High-throughput experimentation delivers effective oilfield chemicals

Innovative approach to identifying application formulations removes barriers to efficient production.

By Dr. Jonathan Wylde, Dr. Anton Kaiser, and Lucius Kemp April 3, 2019

It is critical in the dynamic environment of growing oil demand that fast development of oilfield production chemicals occurs. Doing so improves operational efficiency, especially in complex global shale-oil production environments where there is an incredible diversity of crude oil grades.

With the introduction to the oil & gas sector of a high-throughput experimentation (HTE) methodology, combined with advanced analytics, Clariant can identify with increasing precision the chemical formulations used in application development far quicker than traditional laboratory procedures.

Originally developed in the pharmaceutical sector, HTE concepts have many advantages over the classical approach to experimentation, including that of providing customers with solutions to their challenges quickly. It better supports effective maintenance of flow and has wider support implications for the sector.

Achieving flow assurance

The higher viscosities found in heavier crudes makes flow assurance a challenge. Also, wherever system conditions change, such as through the presence of asphaltenes and paraffinic material in the oil, organic deposition problems can arise and negatively impact production efficiency.

In response to these naturally occurring issues, operators developed a range of technologies to sustain efficient flow. One example is thermal insulation of flowlines, which is considered a mature technology designed to prevent hydrates and waxes from building up. This approach’s drawback is that it is expensive regarding both the capital cost to construct heating stations and operating costs from the energy used.

By listening to customer challenges and keeping innovation at the core of product development, Clariant has used HTE concepts to successfully introduce another mechanism to keep the fluids flowing consistently and at a lower cost point in most cases.

Pour point depressants

Crudes are known as either opportunity crudes or challenging crudes, as when a combination of some properties means they require special handling attention from the refineries. These crudes often have a high pour point and high wax content, are mainly sweet, and in most cases, bought and sold on the spot market. Their lower costs in a refining process make them a better economic option to improve the refinery’s profitability. Before refining, these crudes must be treated to bring the pour points within pipeline and storage specifications.

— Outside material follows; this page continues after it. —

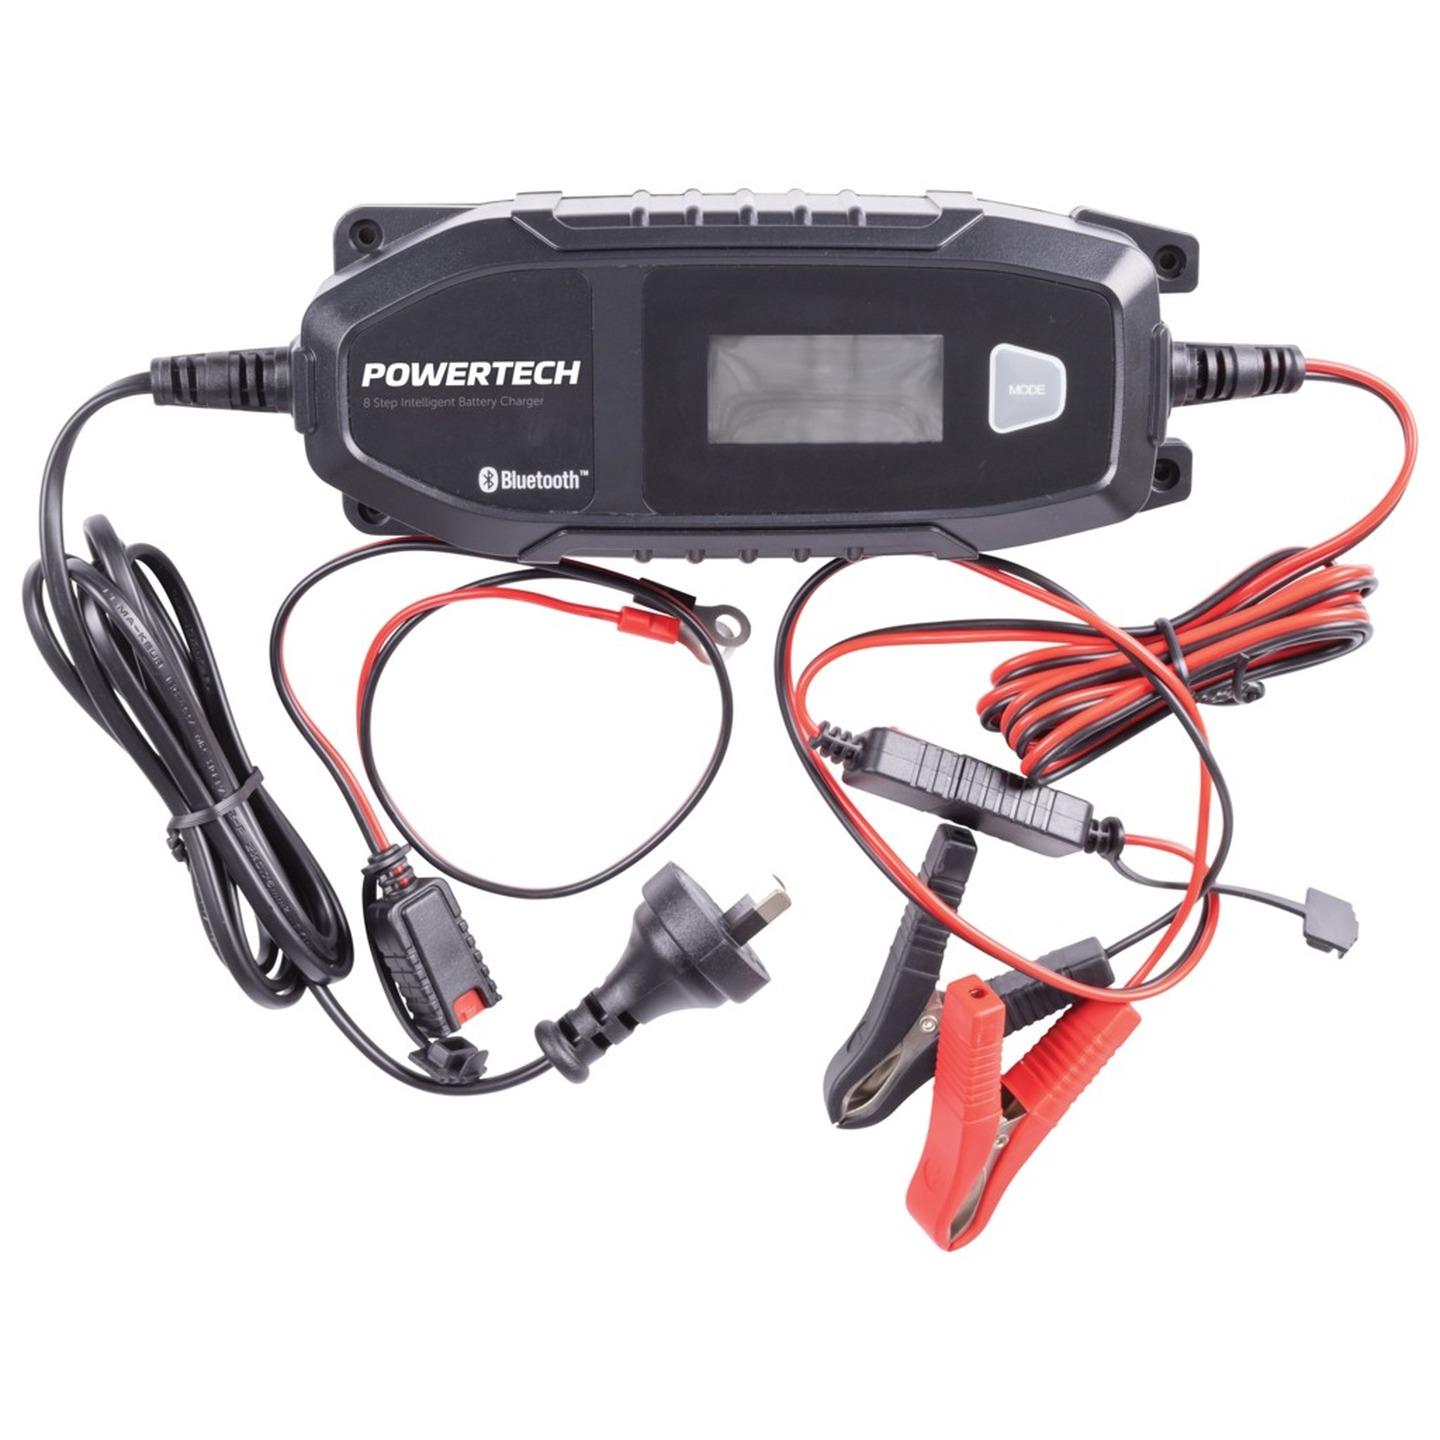 6/12VDC 4A 8-Step Bluetooth Intelligent Lead Acid and Lithium Battery Charger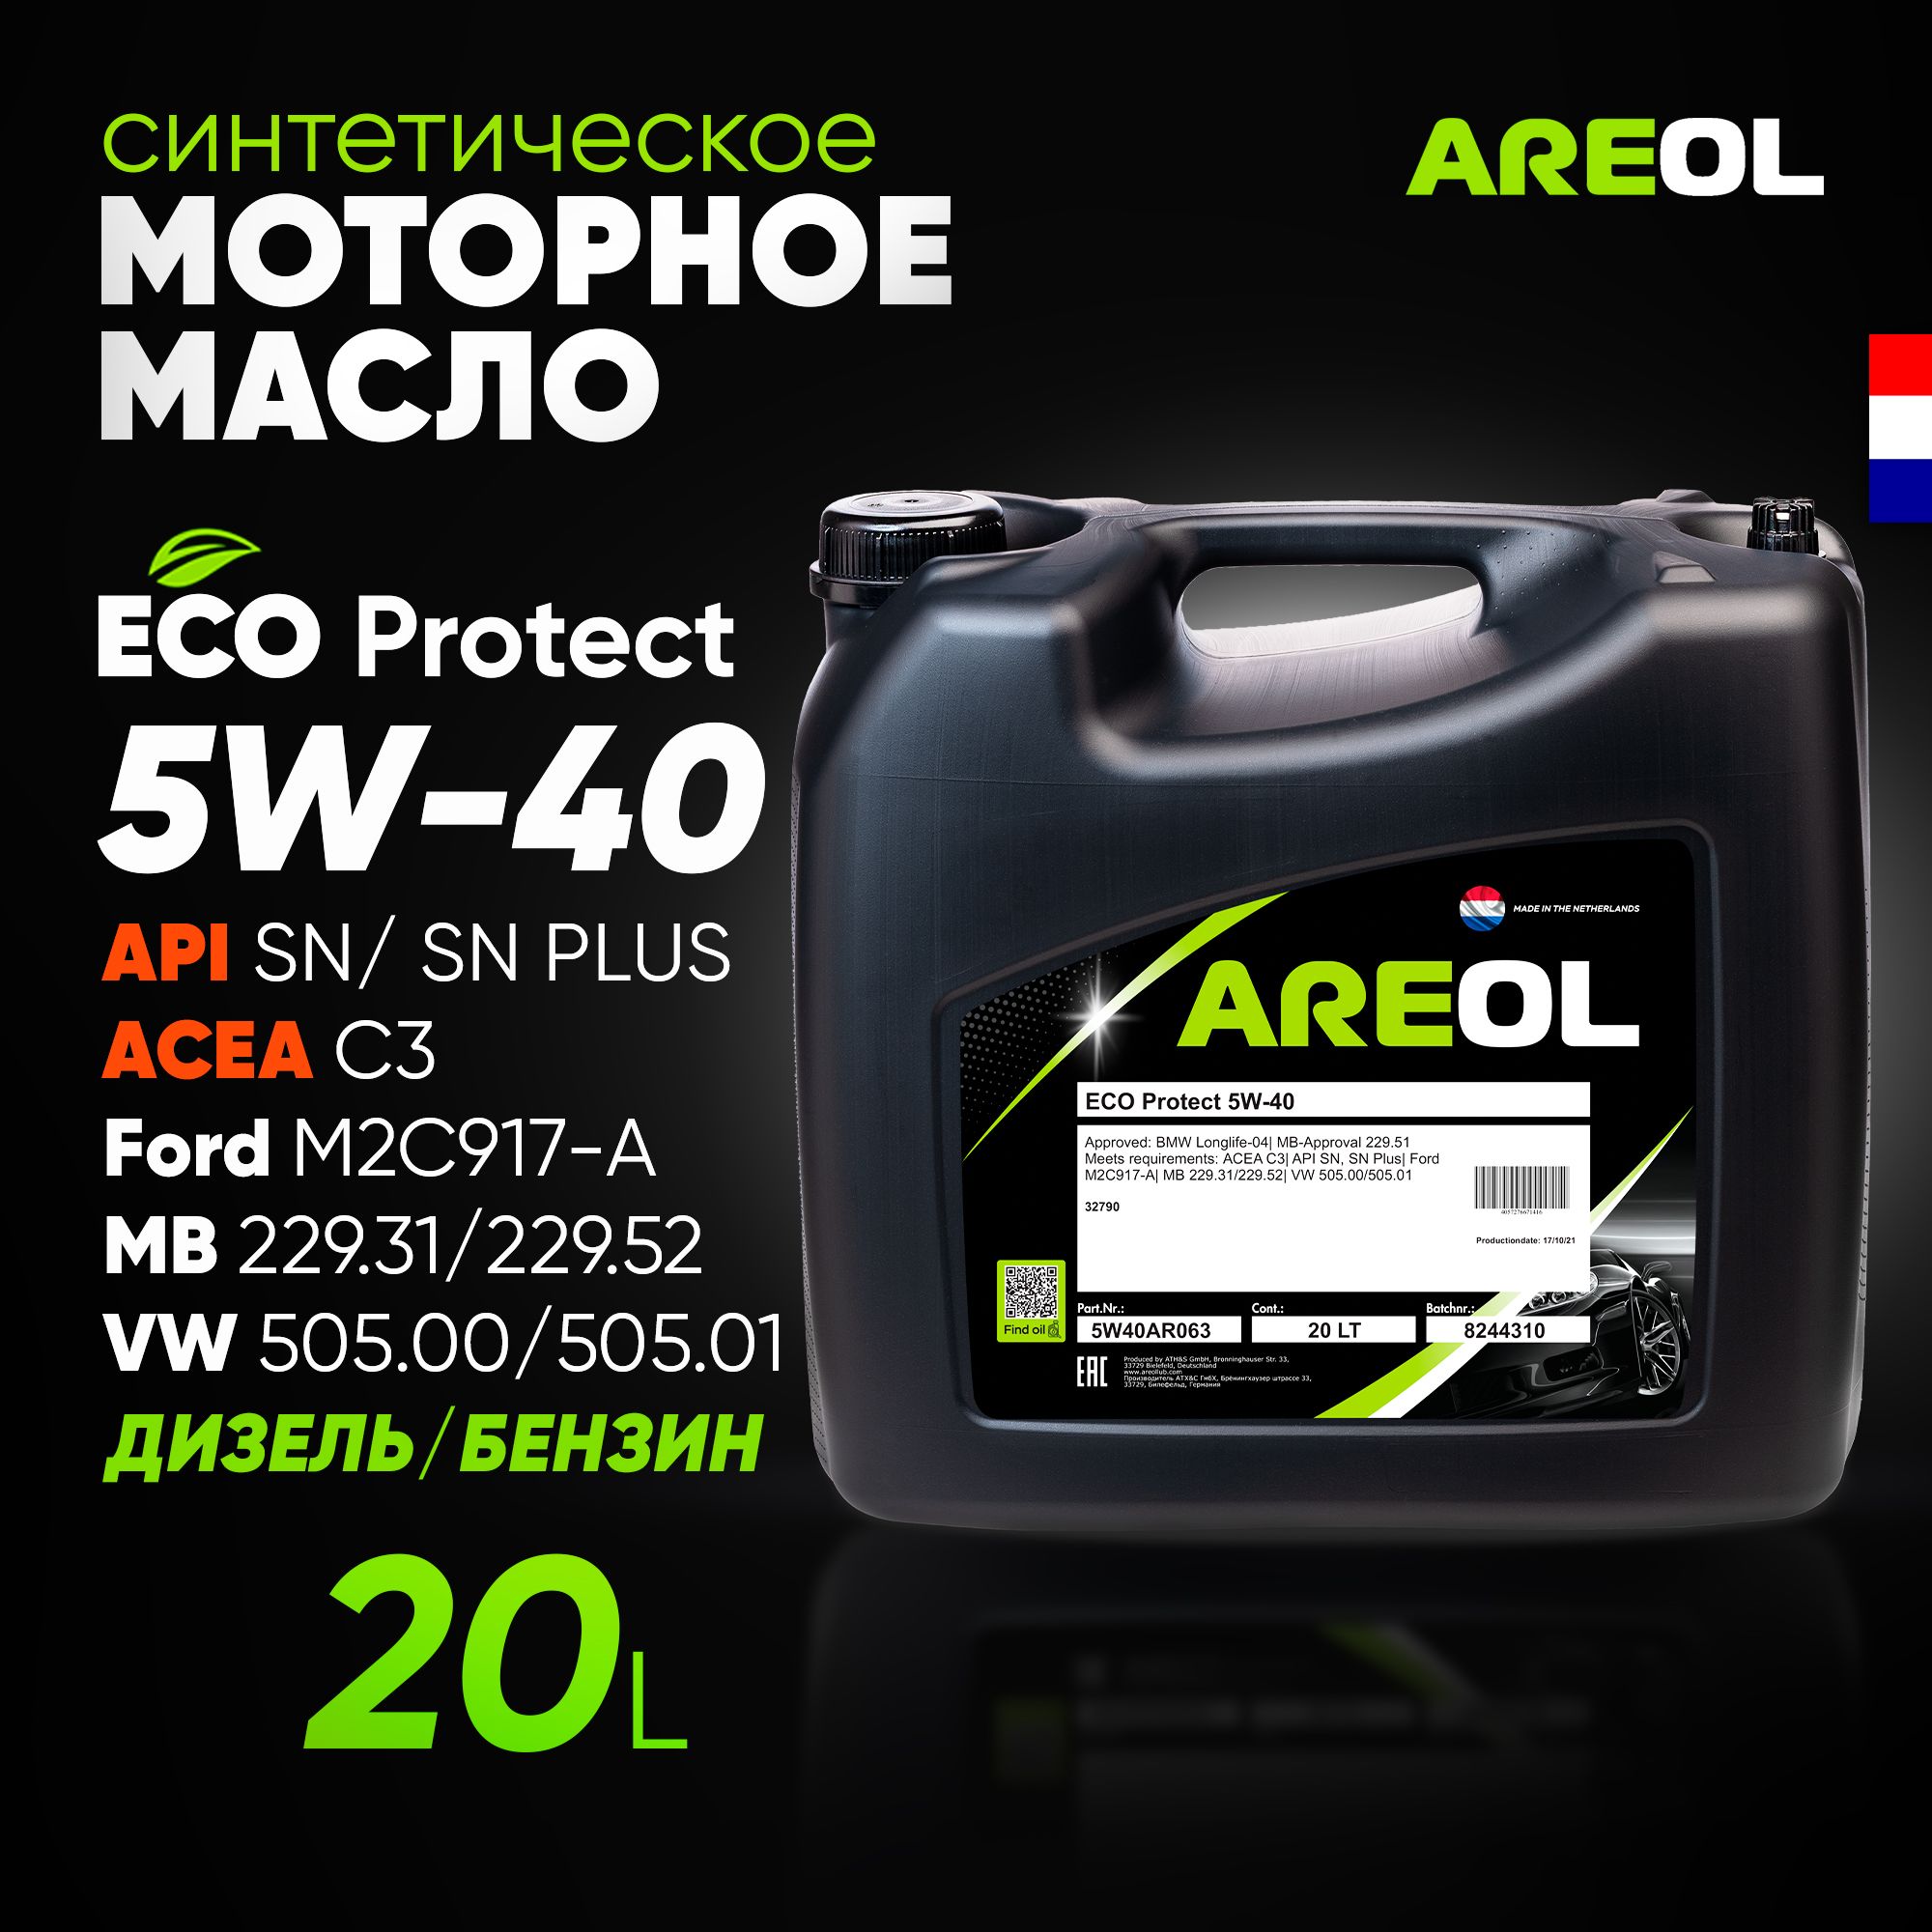 Areol 5w40ar009. Areol Max protect 5w-40 5l. Моторное масло areol 5w40 характеристики. Areol Eco protect 5w-40 205л. Areol 5w40 масло

Pour point depressants (PPD) do not change the temperature at which wax crystallizes or the amount of wax that builds up. Rather, its application allows the PPD to co-crystallize along with the wax species present in the oil and modifies the growing pattern of the wax crystal structures. Another benefit is that the wax crystals are kept apart from each other by the PPD backbone, and because of this steric hindrance, the wax crystals are no longer able to form three-dimensional structures that are responsible for inhibiting flow.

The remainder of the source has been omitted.